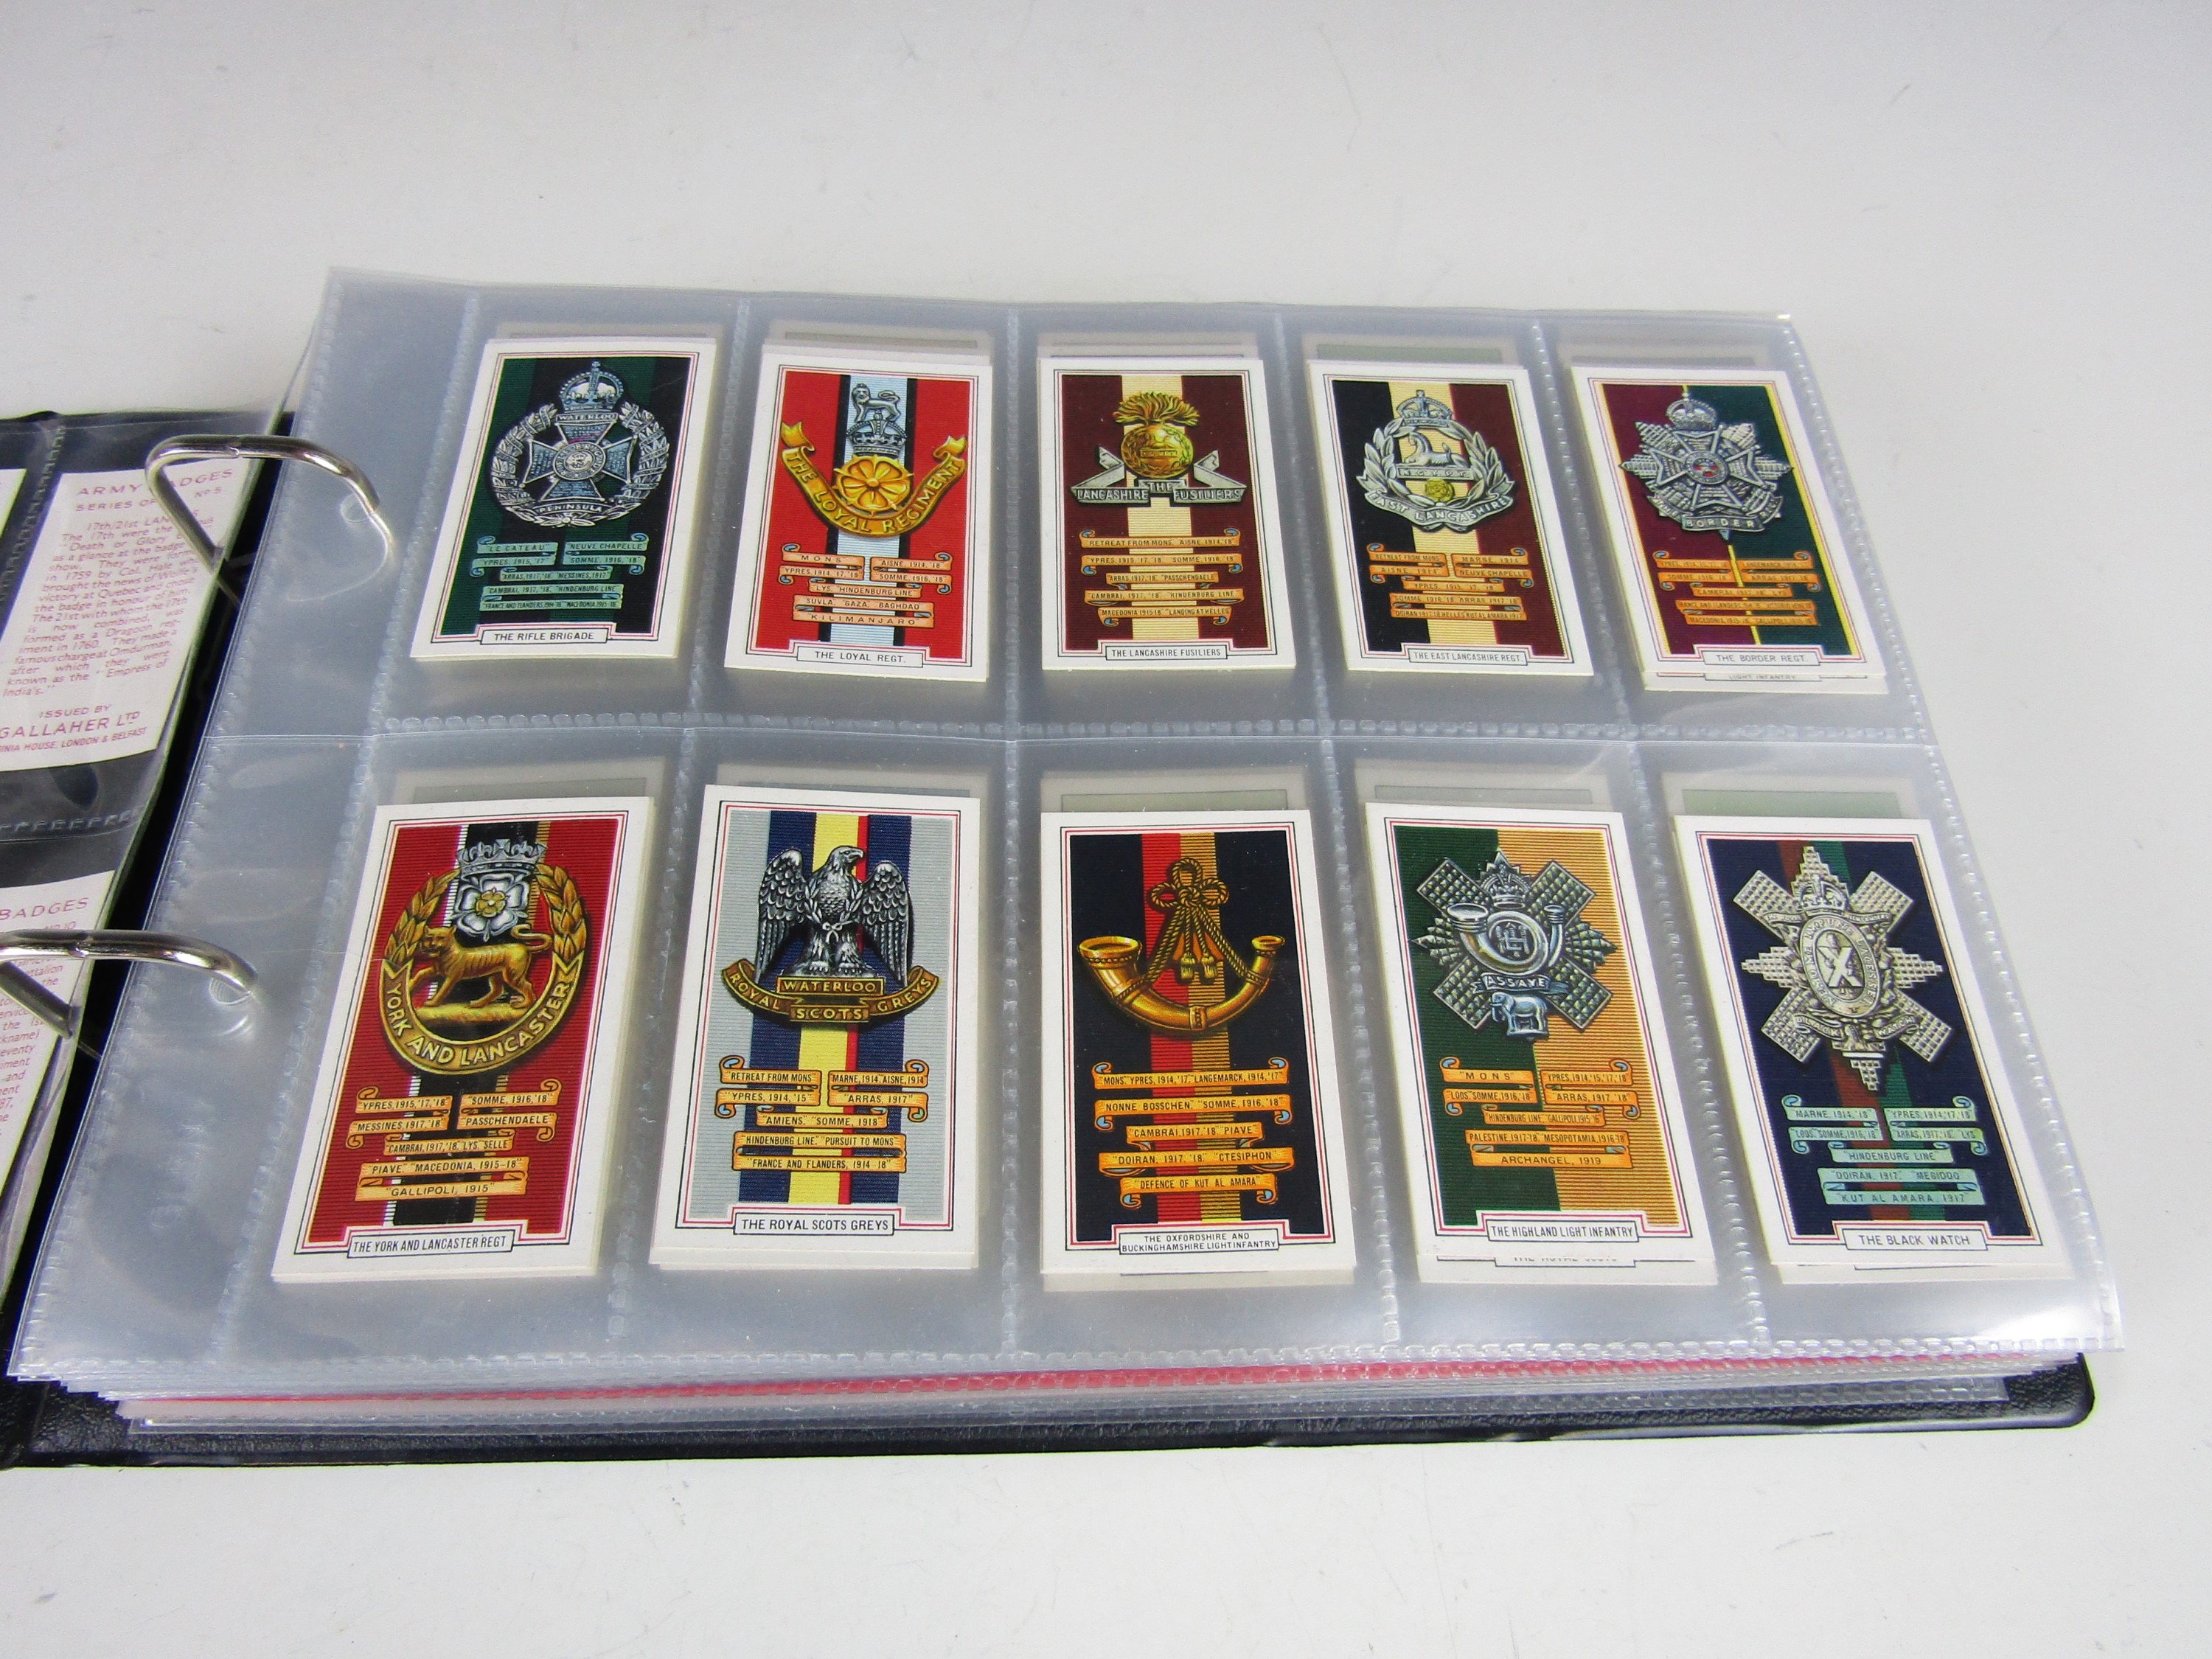 An album of vintage cigarette card series including Gallahers Army Badges, Wild Flowers, Butterflies
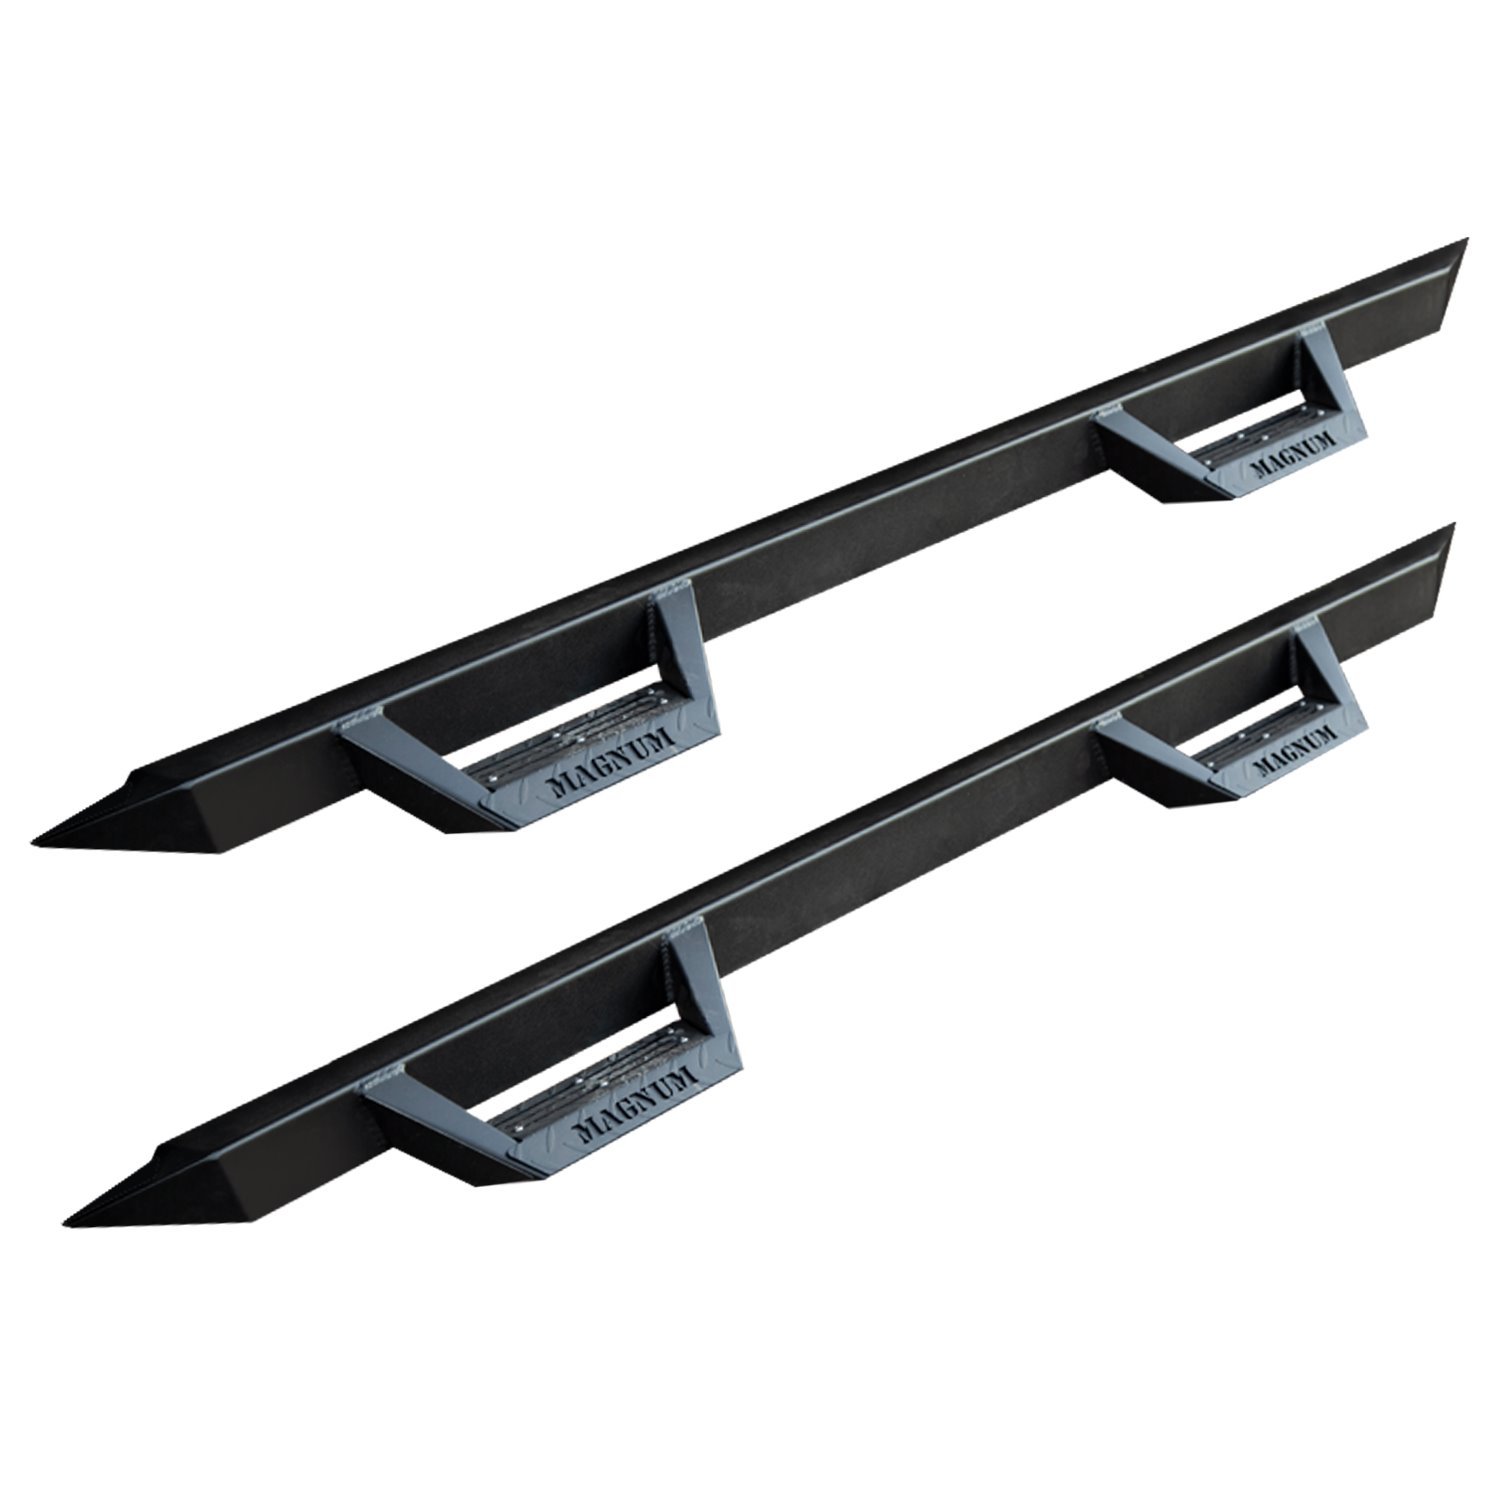 RTS10FD Magnum RT Drop Steps, Black Textured Alloy Steel, Fits Select Ford Ranger Crew Cab
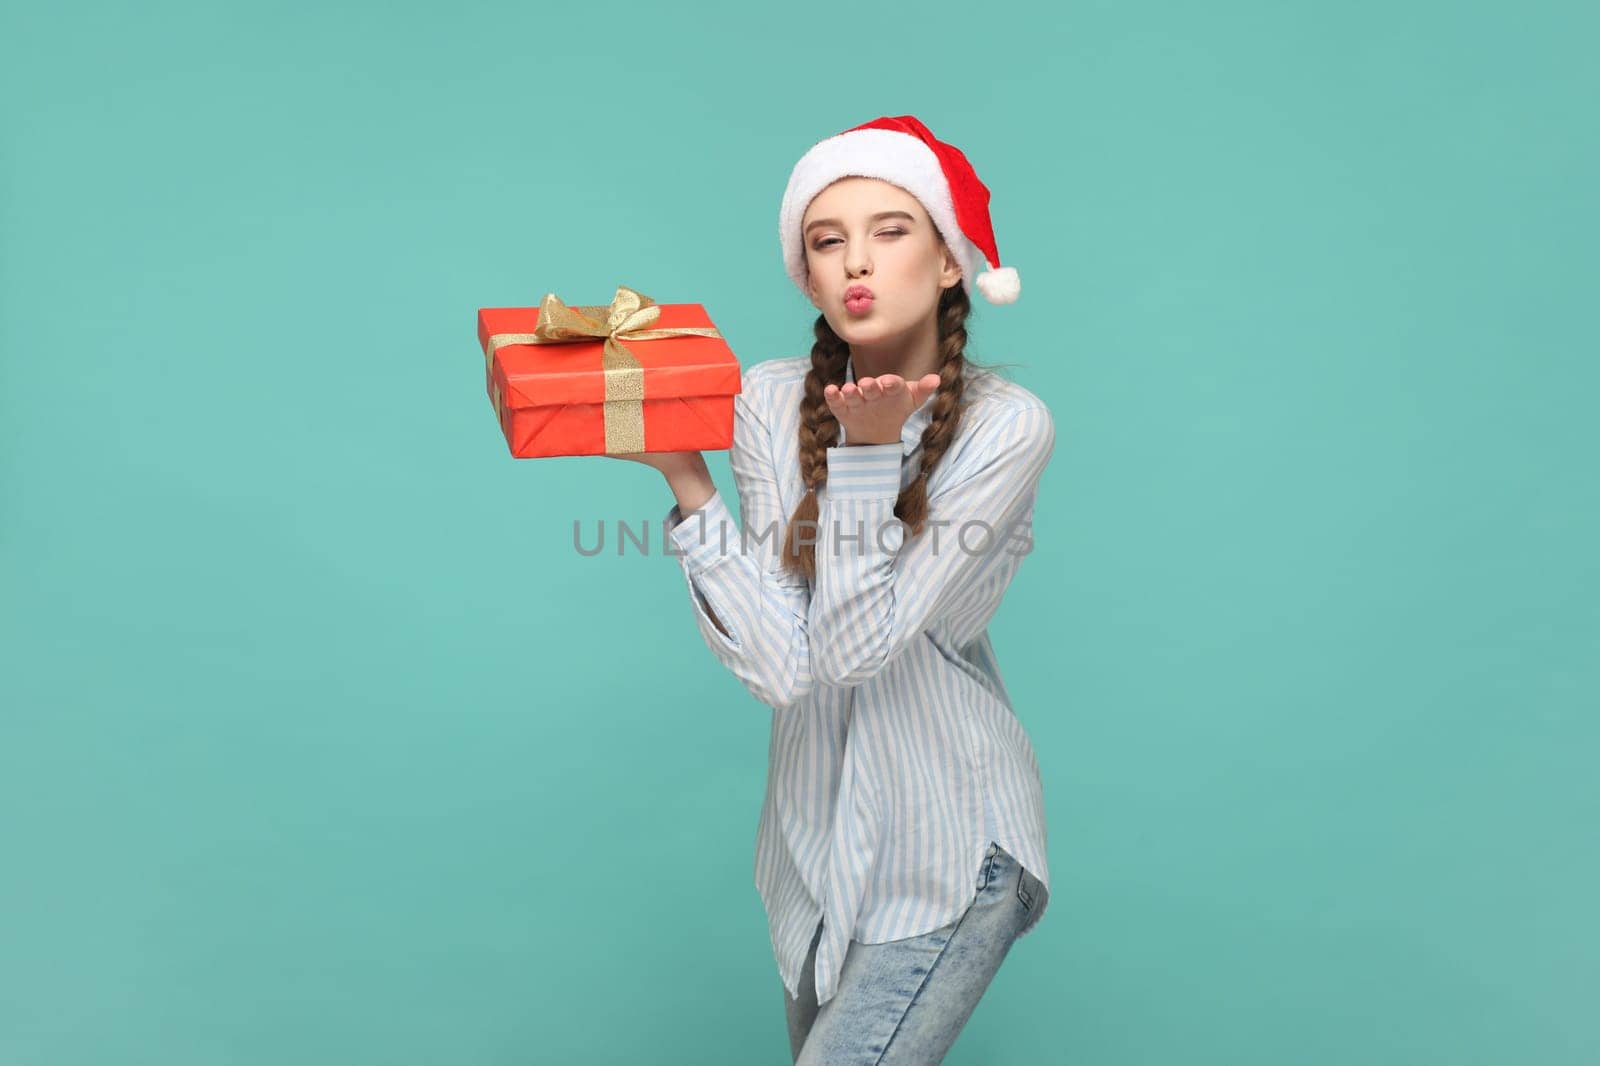 Portrait of charming cute romantic teenager girl with braids wearing striped shirt and Santa Claus hat, holding gift box, sending air kiss. Indoor studio shot isolated on green background.

***

### About this task:
Reproduce exactly the lines from the beginning of the material down to the line containing "RTS10FD Magnum RT", both ends included, but not the pictures or anything after.

### Result for this task:
 An album of vintage cigarette card series including Gallahers Army Badges, Wild Flowers, Butterflies
 RTS10FD Magnum RT Drop Steps, Black Textured Alloy Steel, Fits Select Ford Ranger Crew Cab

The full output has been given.